そんな方々は、介護という職業がどのような職業であってほしいと願っているのだろう。そして自分の職場がどんな職場になってほしいと思っているだろうか。
例えば介護施設の某職員が、こんなふうに考えているとしたらどう思うだろう・・・。
『給料は他と比べても悪くありません。休みもそこそこ取れます。職場の人間関係は、嫌な上司や口うるさい先輩はいるけれども、和気あいあいと話せる同僚もいるし、嫌な人間とはなるべく近づかずに話しかけられても無視してやり過ごしています。
仕事は先輩方のやり方を見よう見まねで覚えたうえで、自分の考えたことを加えたやり方で何とかこなせています。
利用者は認知症の人が多くて、わけのわからない言動に戸惑うことが多いけど、決められた作業を黙々とこなしてさえいれば、文句を言われることもないので辛くはありません。
夜勤はワンオペで大変でしょうと言われるけど、自分で決めたルールで、自分の思い通りに動いて一晩過ごせばよいので、特段苦痛でもありません。むしろ他人の目のない分、気楽なのがワンオペ夜勤も言えそうです。
利用者の暮らしって言いますけど、ほとんどの人が家にいたら一人で生きていけない人たちですから、ここにいるだけで衣食住に困らないのだからそれなりに良い暮らしと言えるのではないでしょうか。適当にレクリエーションの機会はありますし、おもしろくなさそうにそこに座っているだけの人がいたって、問題とは言えないと思います。』
・・・このような職場で働きたいと思う人はどれだけいるのだろう。
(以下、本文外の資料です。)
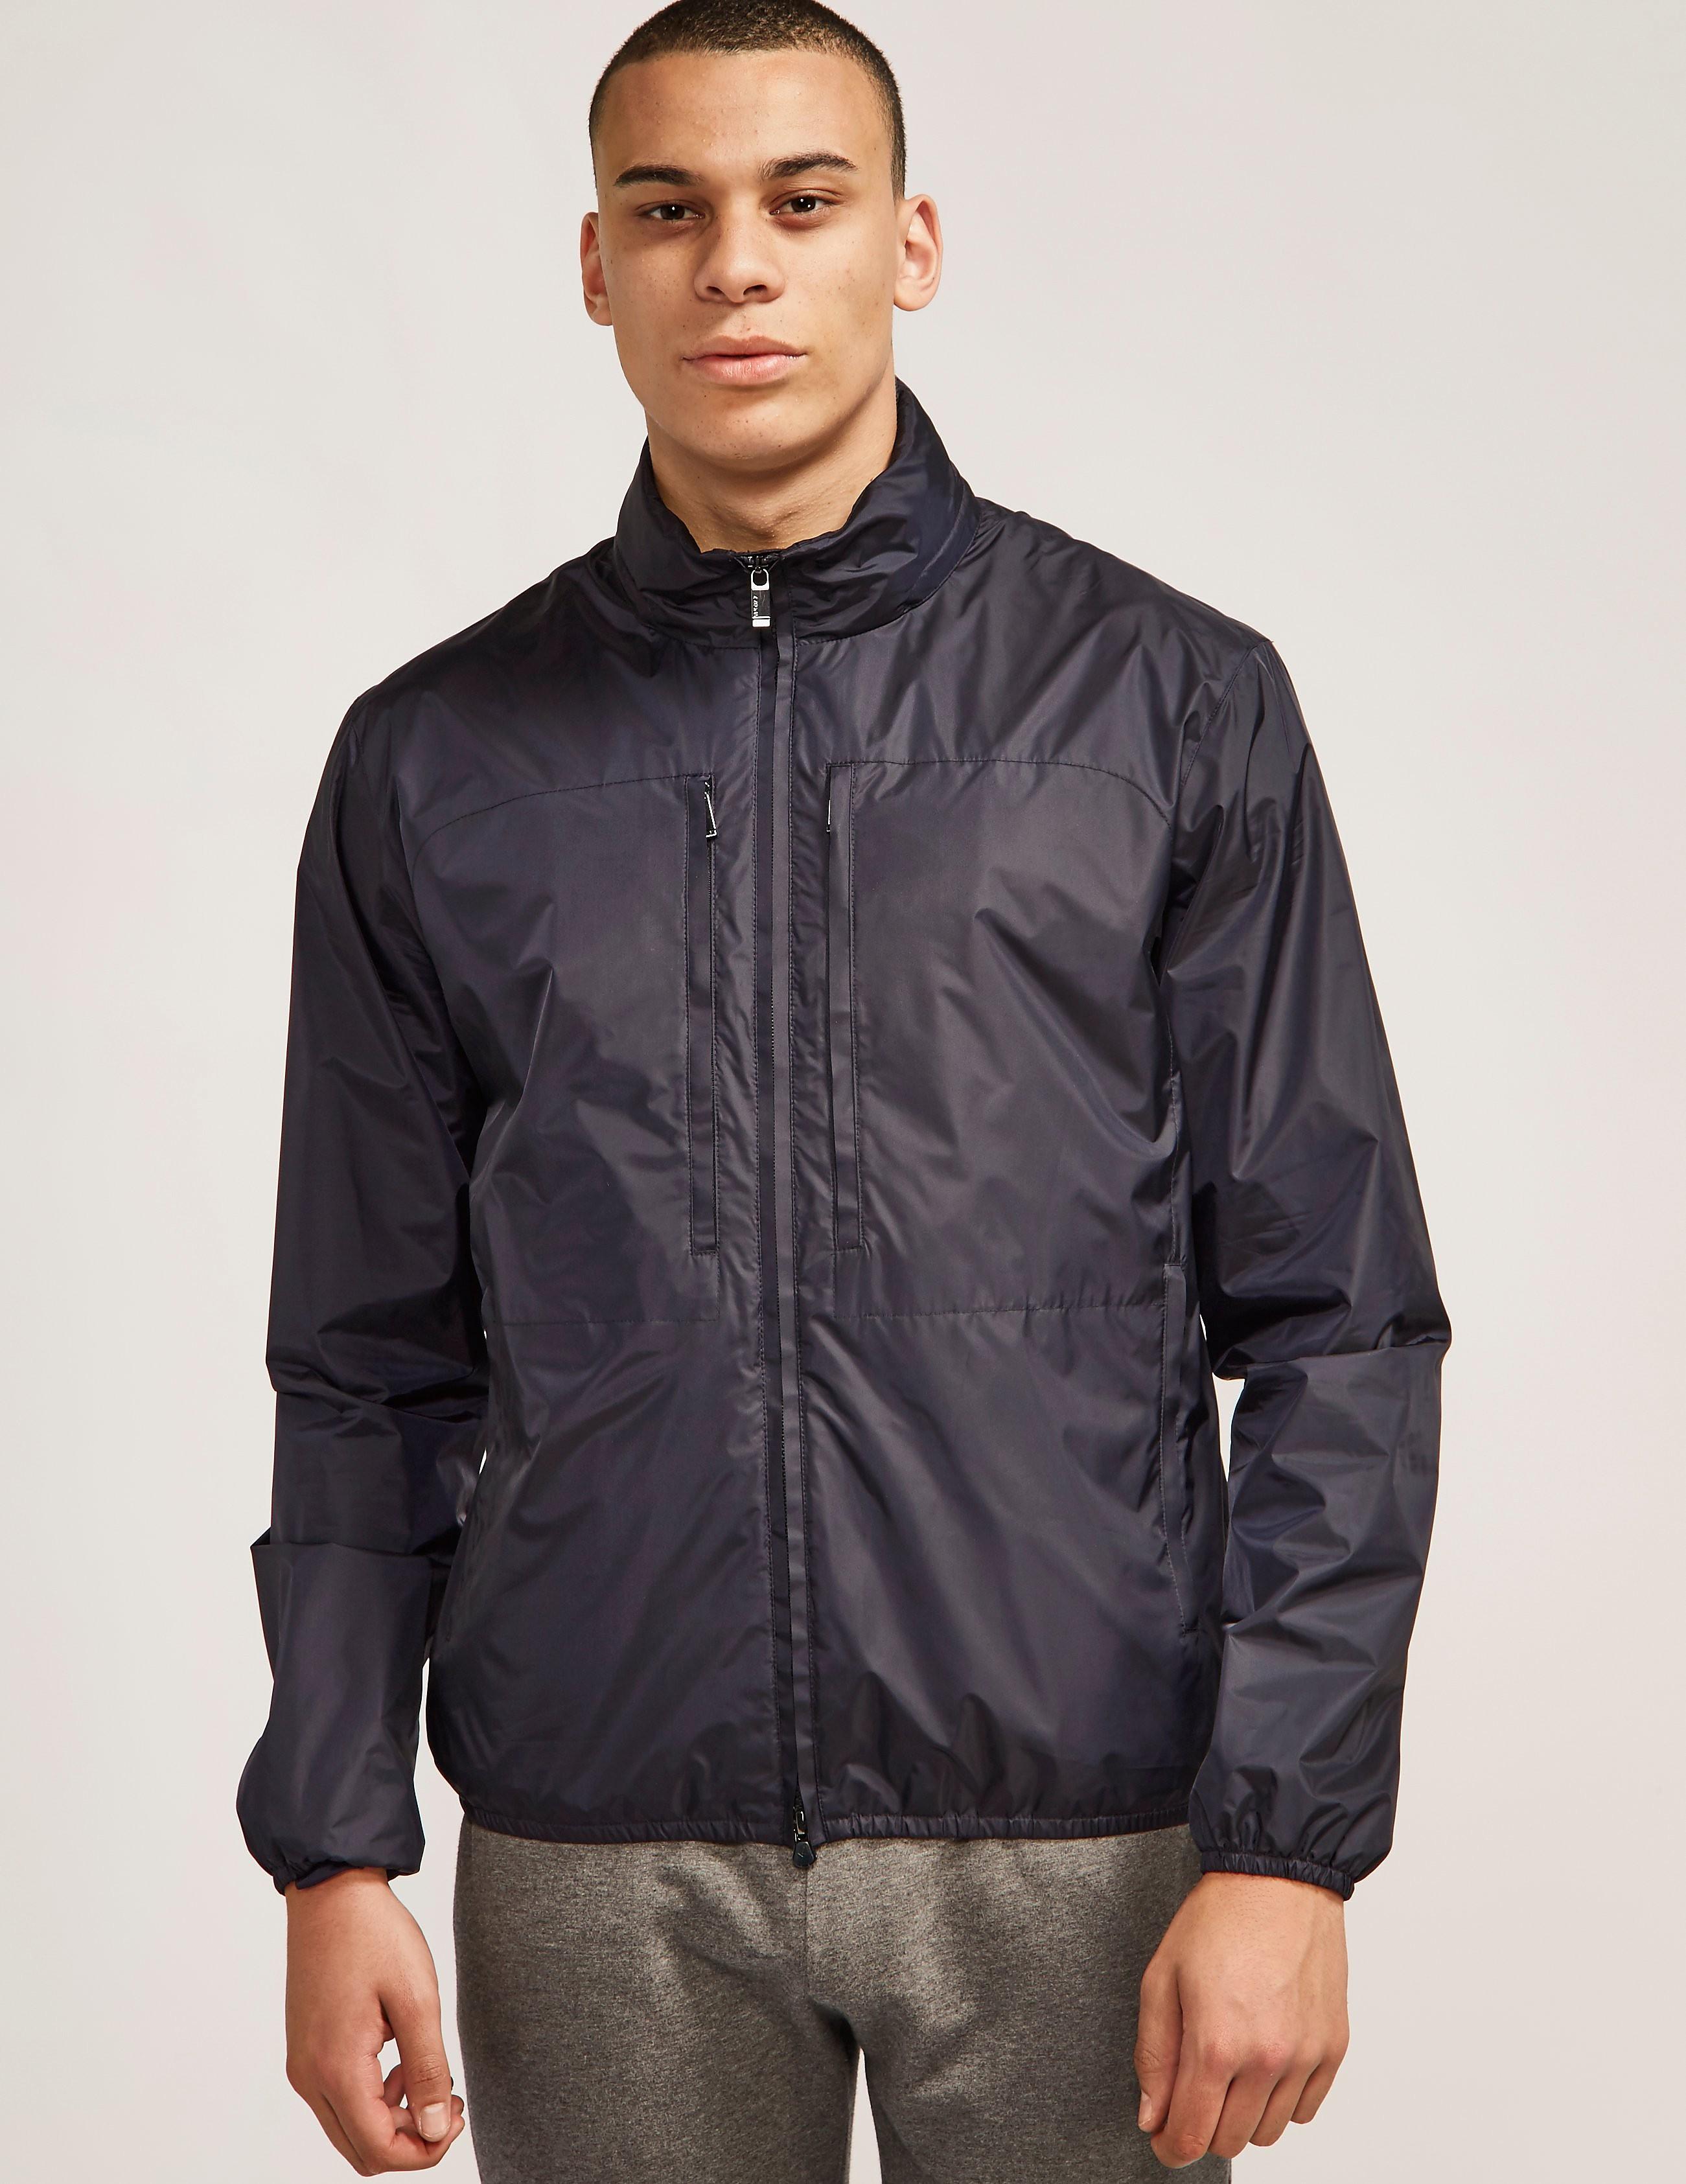 Z Zegna Packable Jacket

こういう職場で介護の仕事を続けていて、介護の仕事にやりがいや面白みを感じることができるのだろうか。
職業を持つことは生活の糧を得るために必要なことであり、趣味とは違って好きという感情だけで選ぶことはできない。しかし「働く」という行為は、ある一定年齢まで何十年も続けなければならない行為でもあり、嫌々惰性で続けるとしたら、人生の中で大事な時間を無駄にしているように思えてならない。
だからこそ自分の適性に合った職業を選んで、仕事に誇りややりがいを感ずることができるということが非常に大切なことだと思う。それが自らの人生を豊かにすることにもつながるのではないかと考えている。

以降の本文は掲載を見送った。